Le prochain Journée mondiale des troubles bipolaires est pour bientôt !

Calcul en cours...

Une date fixe

La Journée mondiale des troubles bipolaires revient chaque 30 mars. Une conférence ou une rencontre peut être organisée à une date voisine, mais cette adaptation locale ne change pas la récurrence internationale.

Un hommage symbolique

Le 30 mars correspond à la naissance de Vincent van Gogh en 1853. Son association à la journée est symbolique: les hypothèses médicales rétrospectives à son sujet ne permettent pas d'établir un diagnostic certain.

Comprendre plutôt qu'étiqueter

Les troubles bipolaires comportent des épisodes thymiques qui dépassent les changements d'humeur ordinaires. La sensibilisation doit expliquer ces réalités sans réduire une personne à son diagnostic ni encourager l'autodiagnostic.

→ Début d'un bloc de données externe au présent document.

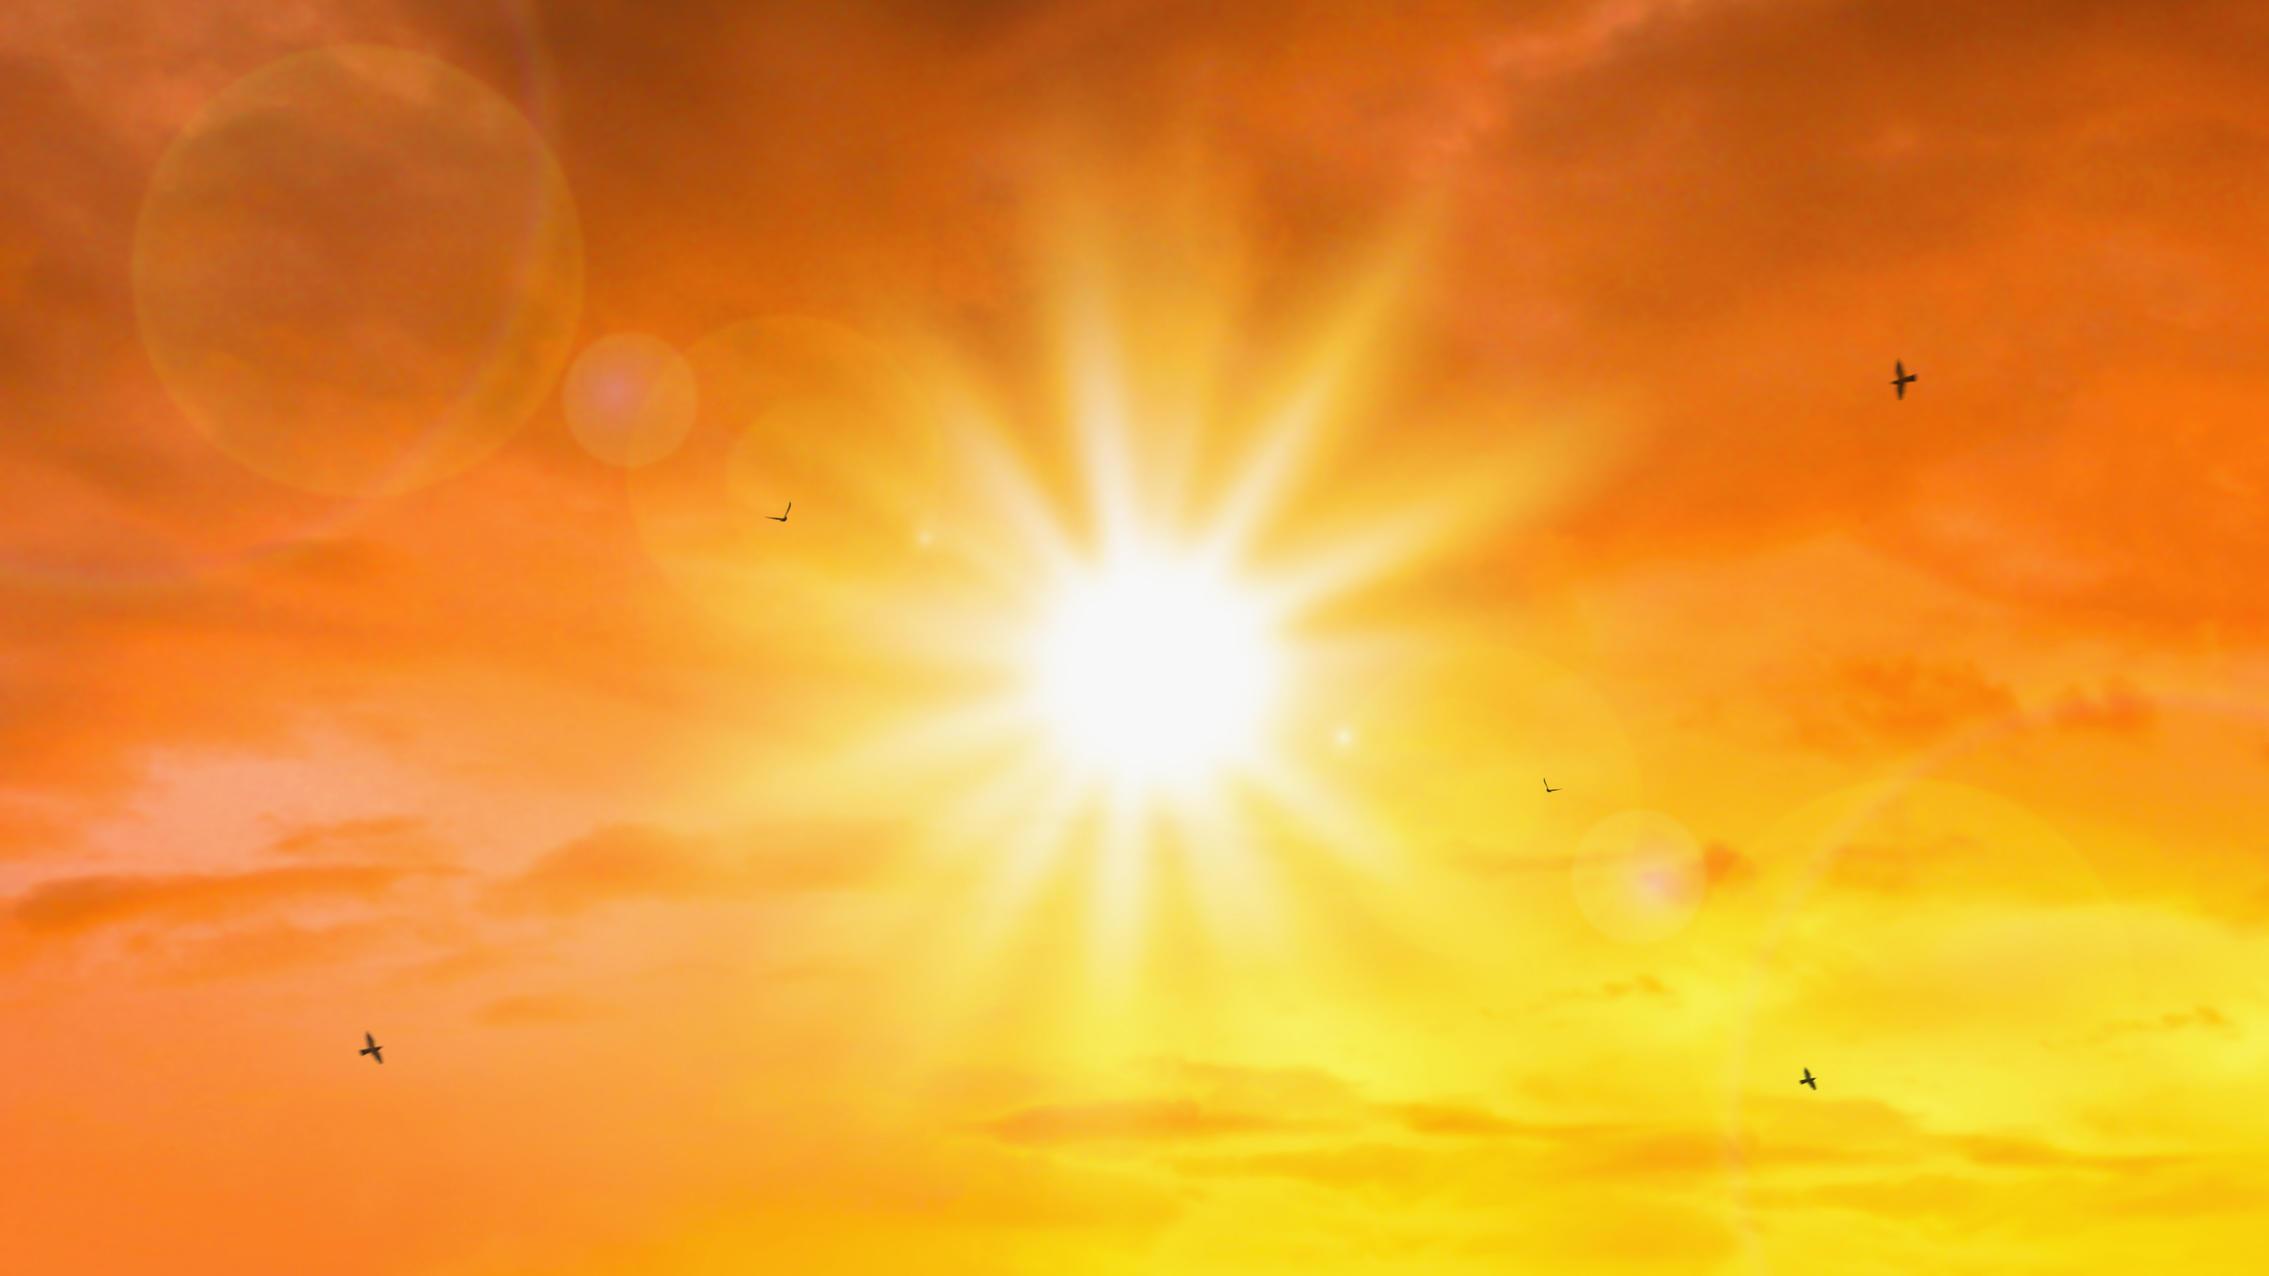 Sonne, Sonne, Sonne - Dauersonne und ihre Folgen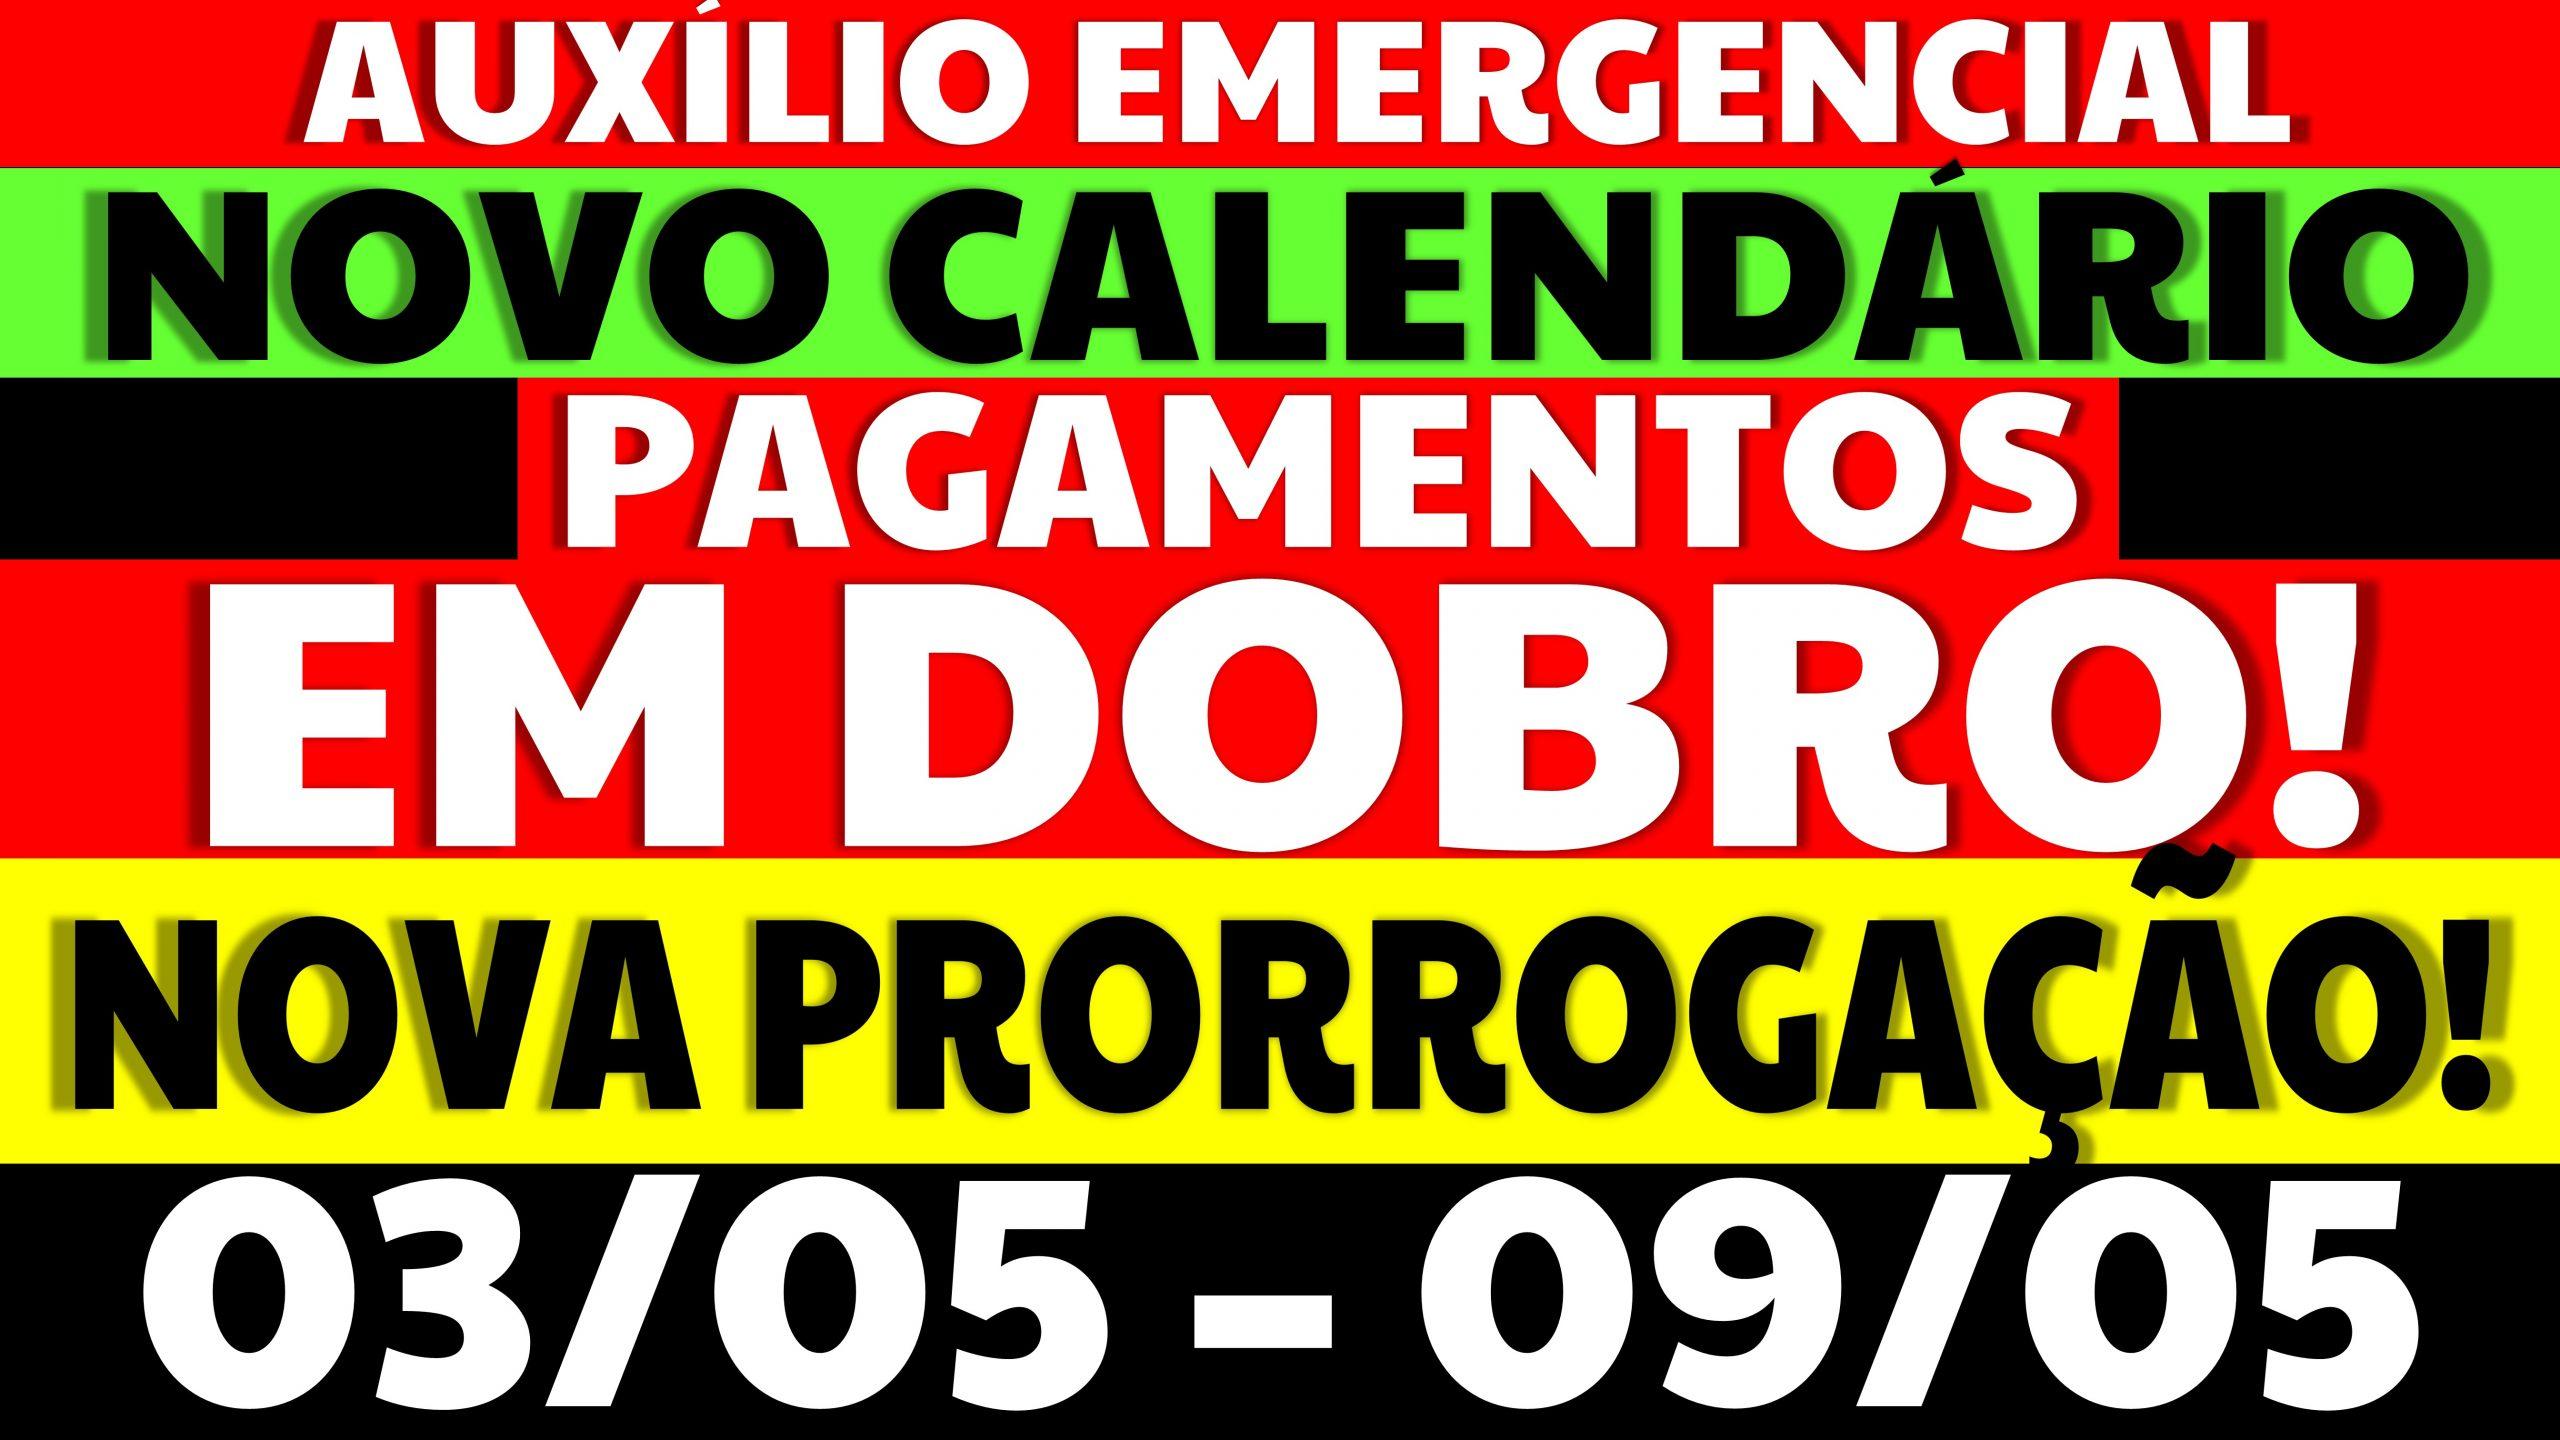 Auxílio Emergencial Hoje – 03/05

Des publics complémentaires

Personnes concernées, proches, associations, professionnels de santé et chercheurs peuvent tous contribuer. Le partage d'expérience, l'information clinique et l'orientation vers les soins remplissent des fonctions différentes mais complémentaires.

Des mots qui comptent

Employer «bipolaire» comme synonyme d'imprévisible entretient un préjugé. Un langage précis distingue le trouble, les épisodes et la personne, tout en respectant sa préférence sur la manière de se désigner.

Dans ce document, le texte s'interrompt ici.